代写数据库中的动态Hash的实现,为后续的数据库设计做准备。
Overview
In our first programming assignment, you created a binary file of uniformly-
sized records. Querying the content of such files can be made more efficient
by using an index.
In class we talked about Dynamic Hashing indices under the assumption of a
binary (2-way) tree. If your situation permits - and ours does - the use of an
n-way tree can produce a shallower in-memory tree index and thus faster
searches. Further, we can create indices by reading the content of the field
being indexed in reverse order. Doing so can further improve querying
performance.
Assignment
Write a complete, well-documented Java program that creates a Dynamic Hash
index for the binary file of taxi trips that your PartA.java program created,
and uses it to satisfy a simple type of query. In particular, you are to index
on the Trip Total field, using the digits in reversed (right to left) order,
ignoring the decimal points and the dollar signs.
Recall that a dynamic hash structure consists of a bucket directory tree and a
collection of buckets. In this assignment, the key field of the data consists
of just numeric characters. Your directory tree should be structured with up
to one level per digit in the key, and 10 tree pointers and 10 hash file
“pointers” (really just byte offsets into the binary file of hash buckets) per
node. The following picture should help:
At the beginning, your tree should consist of just the root node with pointers
to 10 empty buckets in the hash bucket file. As buckets are filled based on
the right-most digit of the key of the record being inserted, new leaf nodes
will be added to the tree and buckets will need to be split. To add new
buckets to the hash file, all you need to do is append the new buckets to the
end of the file (and, optionally, reuse the old bucket, to save space). For
this program, use hash buckets that can hold 1,000 index records each. I
recommend that each bucket be based on a data structure that consists of (a) a
count of how many of the 1,000 slots are filled, and (b) an array of slots.
The hash file will be just a binary file of these bucket structures.
Once the dynamic hashing structures (the in-memory tree and the on-disk buck
file) are created, the program is to process a simple variety of query using
your dynamic hashing index.
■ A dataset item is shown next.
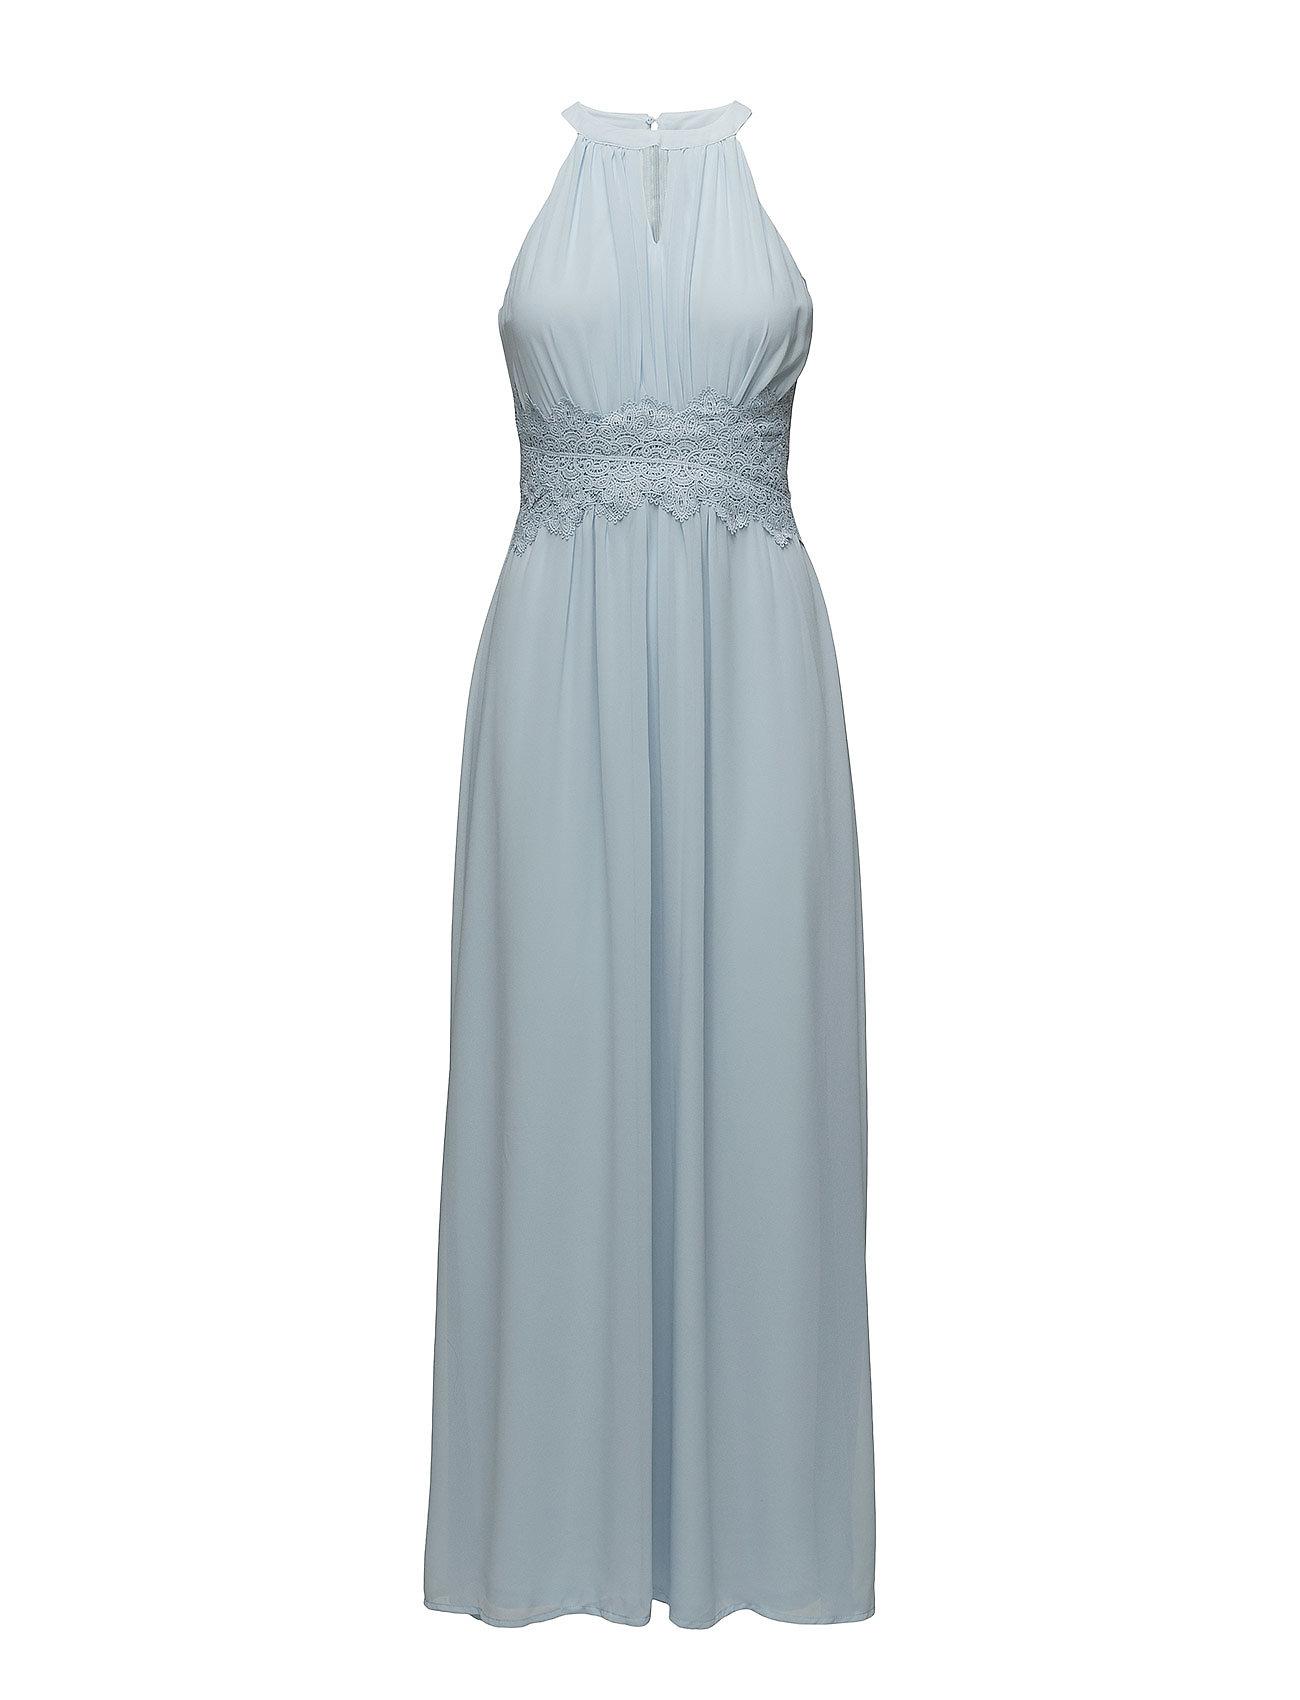 Vimilina Halterneck Maxi Dress/dc/2 (Celestial Blue) (£36) - Dresses ...

Prompt the user to enter a sequence of a Trip
Total suffixes (e.g., a Trip Total of $6.70 has potential suffixes of 0, 70,
670, 0670, etc.). Your program should display the Trip ID and Trip Total
fields associated with the given suffix and the total number of records that
were printed. Sequentially scanning the binary file to find the matching
records is not acceptable the querying must use your index. Display the Trip
ID and Trip Total fields using the same output format you used for Program #1.
Data
The binary file to be indexed is to be the one your PartA.java program from
Program #1 creates. If you need to make changes to PartA.java to create a
correct binary file for this program to index, be sure to submit your updated
PartA.java in addition to this program.
The queries will consist of suffixes as described above. Suffixes of no digits
and of a ridiculously large quantity of digits should all be handled
reasonably.
As for dreaming up queries for testing, that’s up to you. We’ll test with a
variety of query strings, of course, to make sure that your code is operating
correctly and robustly. Thus, so should you.
Output
Apart from the various prompts to the user, the only displayed output from
your program should be the query results. After the list of records, display a
count of the number of records that match each query: “# records matched your
query.”
Hand In
You are required to submit your completed program file(s) using the turnin
facility on lectura.
The submission folder is cs460p2. Instructions are available from the document
of submission instructions linked to the class web page. Because we will be
grading your program on lectura, it needs to run on lectura. This means that
you need to test it on lectura. Name your main program source file Prog2.java
so that we don’t have to guess which files to compile, but feel free to split
up your code over additional files if you feel that doing so is appropriate.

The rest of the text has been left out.